Workflow for enhancing interpretability in graph neural networks via atom-wise Shapley Additive Explanations.

METHODS▼

Detailed explanation about the GNN architecture is available in our previous studies.^35,36 Here, we briefly describe the overall GNN architecture in the context of applying the modified SHAP analysis to the models. Fig. 1 illustrates the structures of hidden layers of our GNNs used for predicting cetane number (CN) and Gibbs free energy of solvation (ΔG_solv). The input molecule is given as a two-dimensional structure described as Simplified Molecular Input Line Entry System (SMILES) strings. Atom, bond, and global features of a molecule are then generated using the RDKit Python cheminformatics package.³⁷ Each feature is converted into N_dim-dimensional input embedding vectors and subjected to message-passing layers. The embedded vectors pass through the hidden message-passing layers and undergo mathematical operations: addition, element-wise multiplication, rectified linear unit (ReLU) activation, concatenation etc. At each message-passing layer, the atom, bond, and global feature vectors are updated based on the structural information gained from trilateral relationships among them. Through these updates, the GNN model learns the inferences regarding the molecular structural influences on the target molecular properties for prediction. The weight matrices inside the message-passing layers are tuned during the training so that the model accurately predicts the target molecular property.

Figure1.

Architecture of the graph neural networks for predicting cetane numbers and ΔG_solv.

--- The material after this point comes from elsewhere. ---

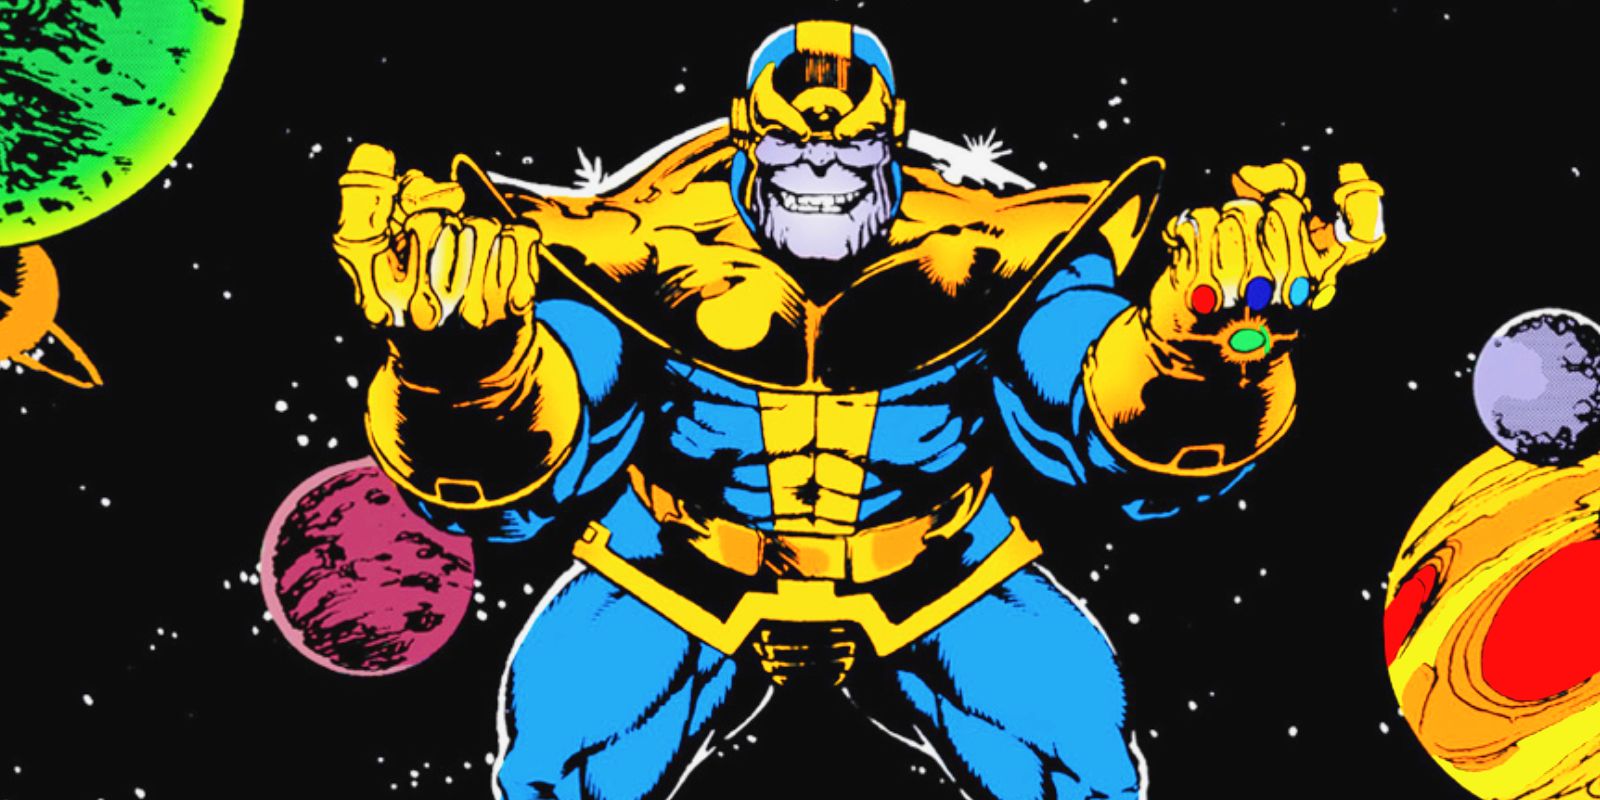 Thanos with the Infinity Gauntlet in George Pérez art.

The optimal values of N_dim are 64 and 128 for the GNNs predicting CN, ΔG_solv, respectively. The optimal number of hidden layers is five for both models. Detailed procedure regarding the hyperparameter tuning is available in our previous publications.^35,36 As depicted in Fig. 1, the GNNs entail complex arithmetic calculations among the vectors representing molecular structures. Therefore, it is not straightforward to directly apply SHAP or other ML interpretability analysis to the entire model. Instead, we built simplified surrogate models in which the modified SHAP analysis were adopted for chemical interpretation of the prediction results. We named the analysis as ‘modified’ SHAP, since it is based on SHAP DeepExplainer developed for generic neural networks, and it was modified and applied to the message-passing GNNs. Specifically, we developed the model that inputs atom and global features cumulatively updated from the 4^th layer of the model (Fig. 2(a)). The 4^th-layer atom and global vectors and trained weights are adopted from the original model and adopted in the surrogate model for applying modified SHAP. In other words, no new model training is performed; the developed GNNs are truncated and duplicated so that they reproduce the same prediction values with the original model.

These vectors from the 4^th layer contain detailed inferences about molecular structures delivered from the previous four layers. Therefore, they are appropriate to be utilized as inputs for the modified SHAP analysis. In the simplified model for SHAP, the vectors from the 4^th layer undergo updates that are supposed to be done in the last (5^th) layer (Fig. 2(a)). The 4^th-layer bond state vectors were omitted from the SHAP models as they do not effectively change atom and global state vectors in the 5^th layer. However, it should be noted that the bond state information also affects the SHAP values, because molecular information is received and transferred by bond state vectors during the updates in the 1^st-4^th hidden layers. After the 5^th layer, the updated N_dim-dimensional global state vector is subjected to the final dense layer for readout, resulting in the predicted CN. The SHAP DeepExplainer method is applied to this simplified surrogate model, resulting in SHAP values corresponding to the 4^th-layer atom and global vectors, respectively. These SHAP vectors consist of values implying additive relationships between model inputs (atom and global states) and prediction values (CNs). Atom-wise contribution values are calculated from the SHAP values (vide infra for details), and model-predicted values are chemically explained based on these contribution values.

Figure2.

Architectures of the surrogate GNN models to implement the modified SHAP analysis. Atom-wise contribution values were obtained for two predictive models for (a) cetane numbers and (b) ΔG_solv.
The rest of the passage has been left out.